First, we observed a decrease of the protein steady-state levels associated with both c.-79C>T and c.-68G>A variants in transfected HeLa cells, reduced to 17% and 42% relative to the WT, respectively (Fig. 1c and Supplementary Figs. 1a and 2a). Interestingly, the published variant c.-10C>T was also associated with a decrease of endoglin levels in our assay (ENG levels ~32%; Fig. 1c and Supplementary Figs. 1a and 2b). Moreover, we observed a drastic effect (<10% of WT levels) associated with c.-142A>T and c.-127C>T variants and a very moderate effect (~80% of WT levels) observed with the c.-9G>A. RT-qPCR results on RNAs extracted from transfected cells showed similar levels of ENG between WT and variants (Supplementary Figs. 1b and 2b, c).

Similar results were obtained after overexpression of ENG variants in human umbilical vein endothelial cells (HUVECs). One can assume that protein levels obtained with the empty vector (C- on Fig. 1d) reflect the endogenous levels of endoglin and are not disturbed by the transduction. Thus, western blot analysis on total proteins extracted from transduced cells revealed drastic effects for c.-142A>T and c.-127C>T variants with similar levels to those of the endogenous endoglin (Fig. 1d and Supplementary Figs. 1c, d and 2d), followed by c.-79C>T with slightly higher levels (around 40% of WT levels), and then c.-68G>A associated with less pronounced effect (around 60% of WT levels).

Finally, we assessed the effect of ENG variants in the context of the promoter in a luciferase assay. We used this assay in order to study the potential effect of ENG variants on luciferase activity by altering the promoter activity and/or the translational mechanism in HeLa cells24,25. We observed a decrease of the luciferase activity with the tested variants (c.-142A>T; c.-79C>T and c.-68G>A; Fig. 1e). Importantly, the levels of luciferase appeared correlated to the protein levels detected for the same variants in the previous assays. At least for these variants, one could assume that the obtained effect on luciferase activity is related to the predicted uoORFs, also observed in the context of the pGL3b-(ENG)-luciferase construct. Again, these results show the alteration of ENG levels by the analyzed variants, in concordance with the two previous assays.

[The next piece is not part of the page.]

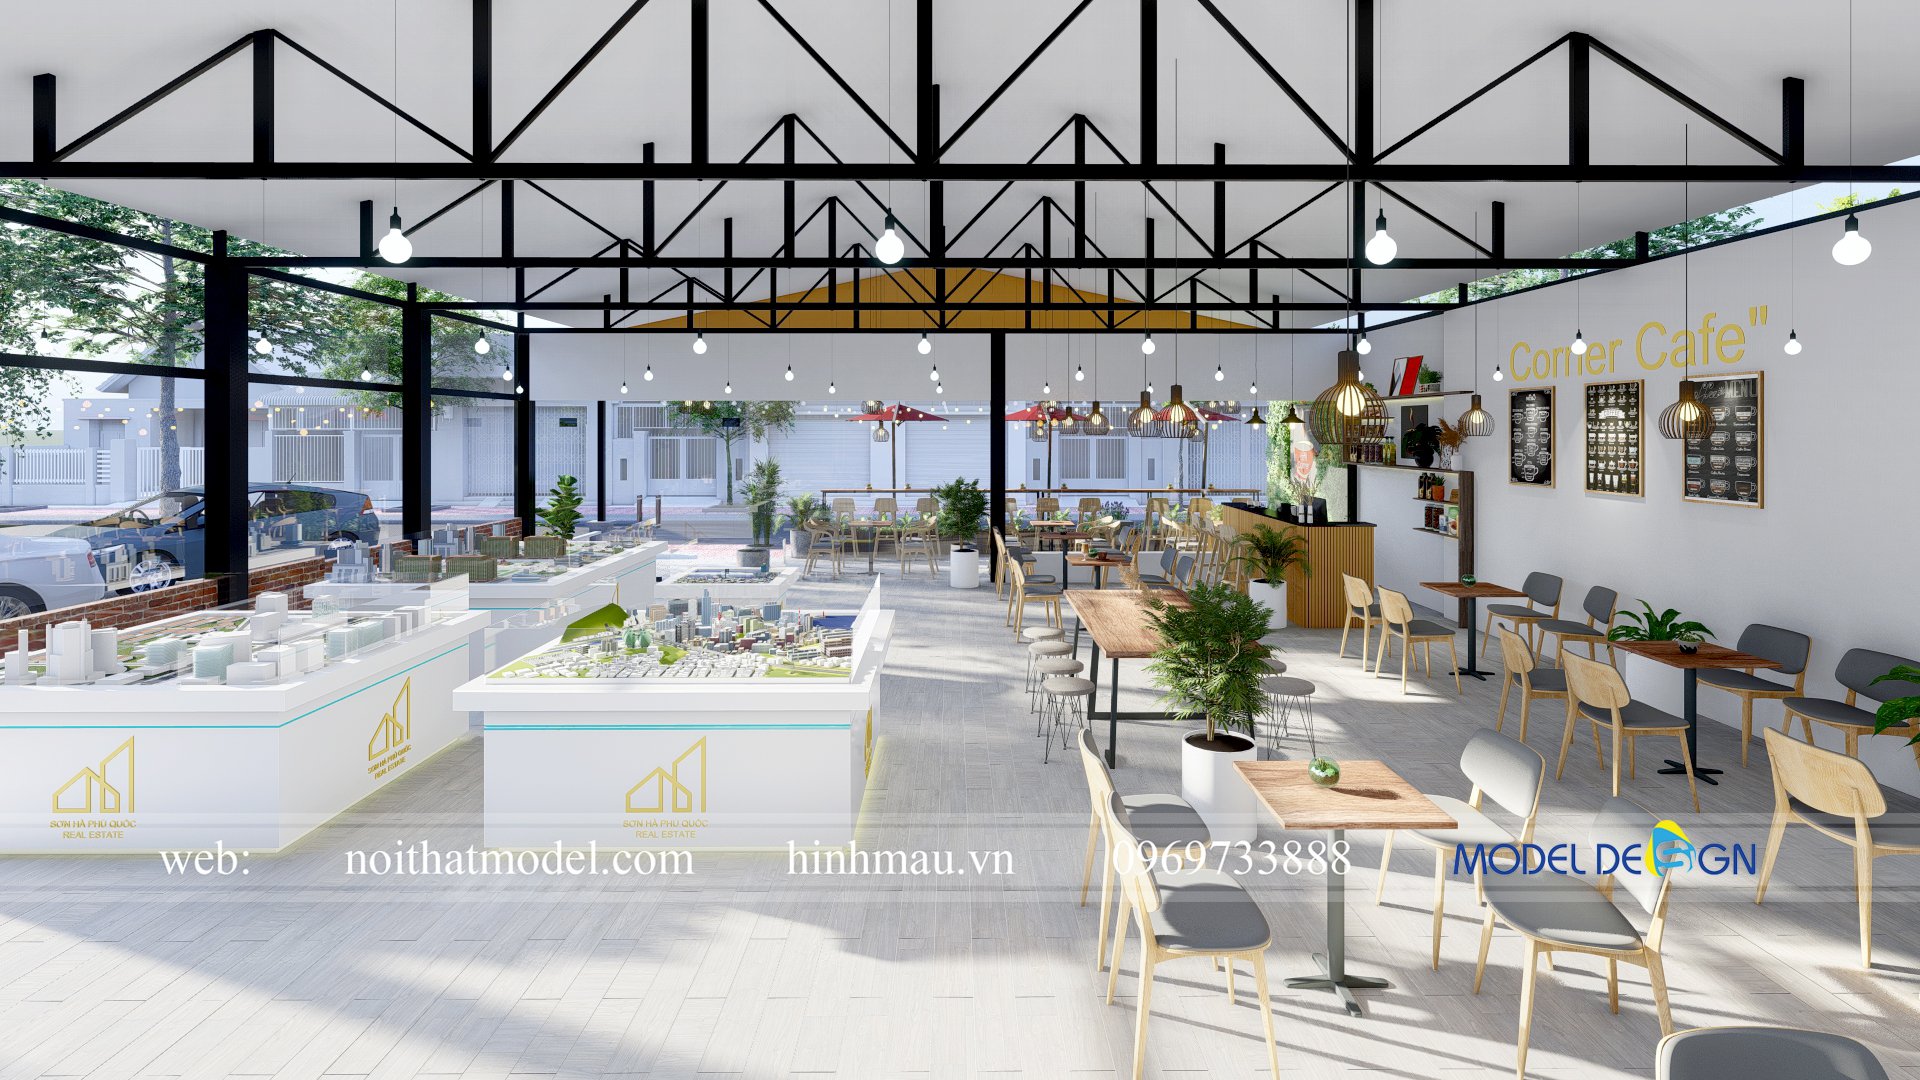 5 Mô Hình Thiết Kế Quán Cafe Đẹp Theo Xu Hướng Mới Nhất - Model Design
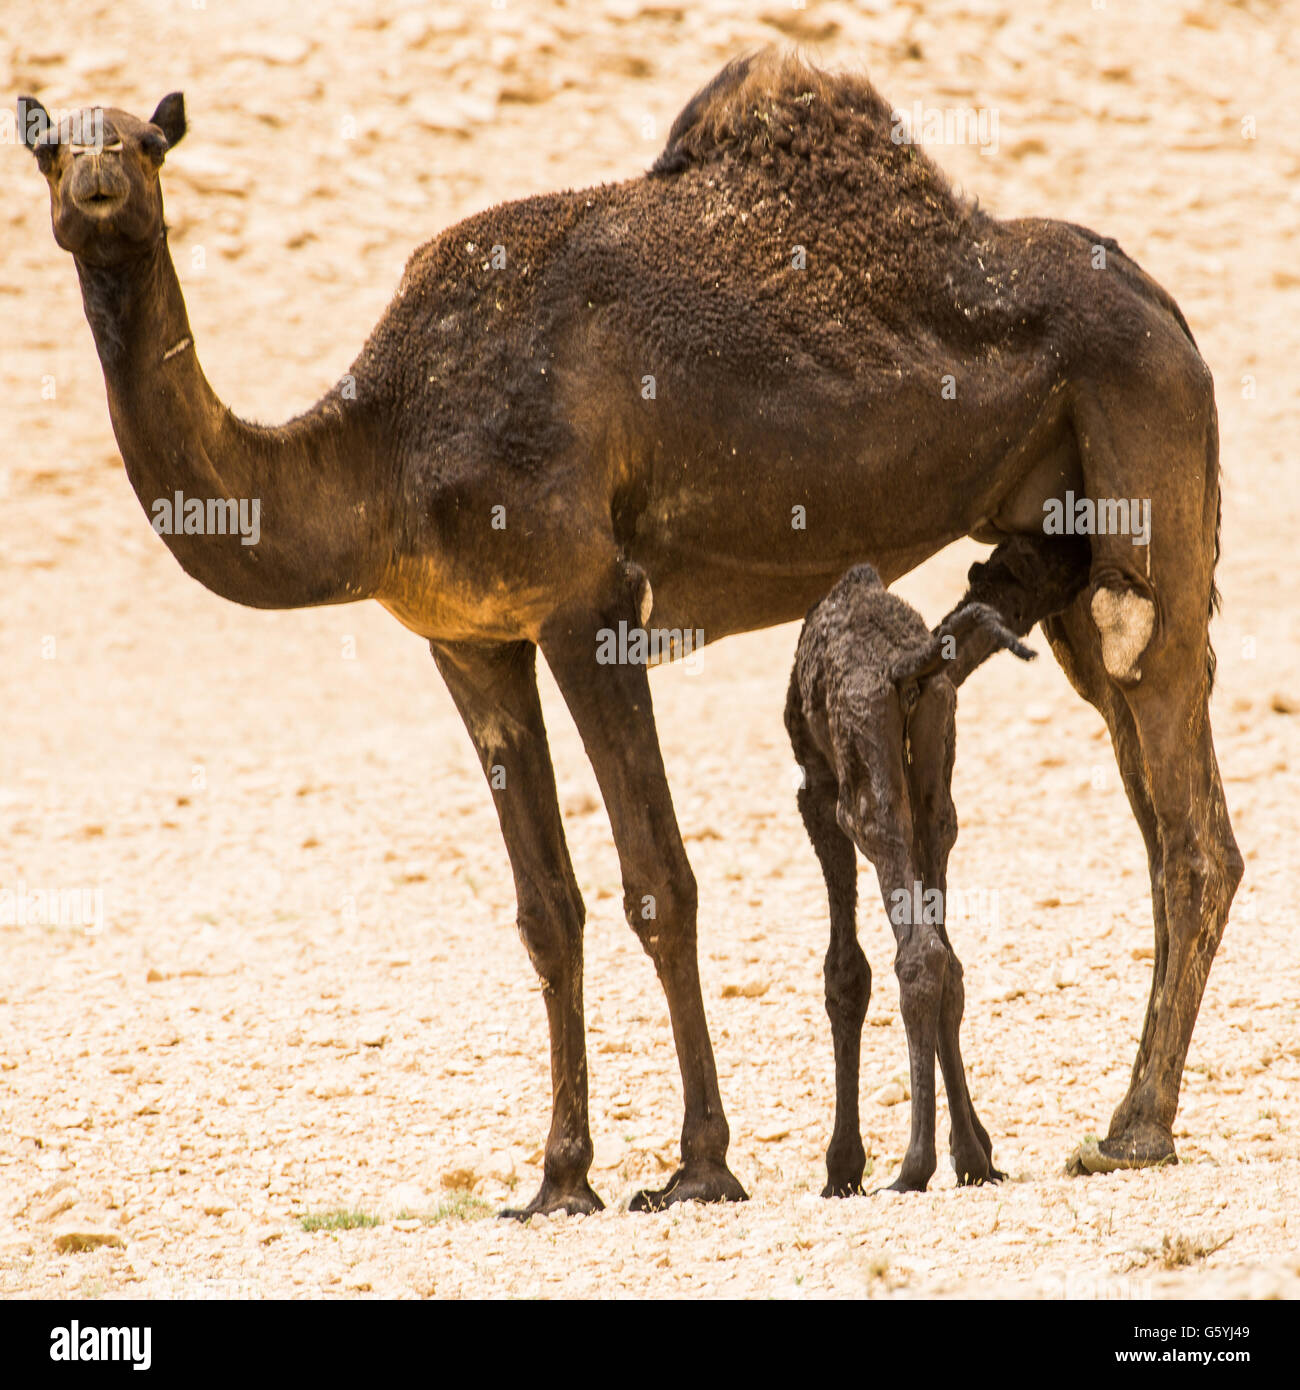 kamel and baby kamel in Saudi Arabia desert Stock Photo

Decreased levels of ENG related to 5’UTR variants alter the ability of ENG to activate BMP9-stimulated ALK1 receptor

The ability of ENG variants (Table 1) to enhance ALK1-mediated BMP9 response was assessed using a BRE assay in NIH-3T3 cells. First, we demonstrated that pcDNA3.1-L-ENG-WT construct used in this study had similar stimulation efficiency than the WT ENG clone used as a reference in previous studies (Supplementary Fig. 3a). We then tested six different 5’UTR variants and showed that the 5’UTR variants had a reduced ability to stimulate ALK1 (Fig. 2). More precisely, c.-142A>T and c.-127C>T variants were associated with the lowest BRE activity detected (≤20% of WT levels), followed by variants c.-79C>T, c.-68G>A and c.-10C>T which induced a moderate activity (~50% of WT levels) and finally variant c.-9G>A which was associated with a modest decrease of activity (~70% of WT levels) (Fig. 2). Of note, BRE activity obtained with this last variant was highly variable between independent experiments, leading to conflicting interpretations of the alteration of activity by this variant. Altogether, the decrease of BRE activity obtained with the ENG 5’UTR variants correlated with the ENG levels measured in vitro. Moreover, BRE stimulation by ENG variants was hampered only when low levels of expression plasmid were transfected (below or equal to 1 ng/well; Supplementary Fig. 3b), highlighting that the lack of activity is directly linked to low ENG levels in the cells. Thus, these results demonstrate that uoORF-creating variants could be considered as hypomorphic variants.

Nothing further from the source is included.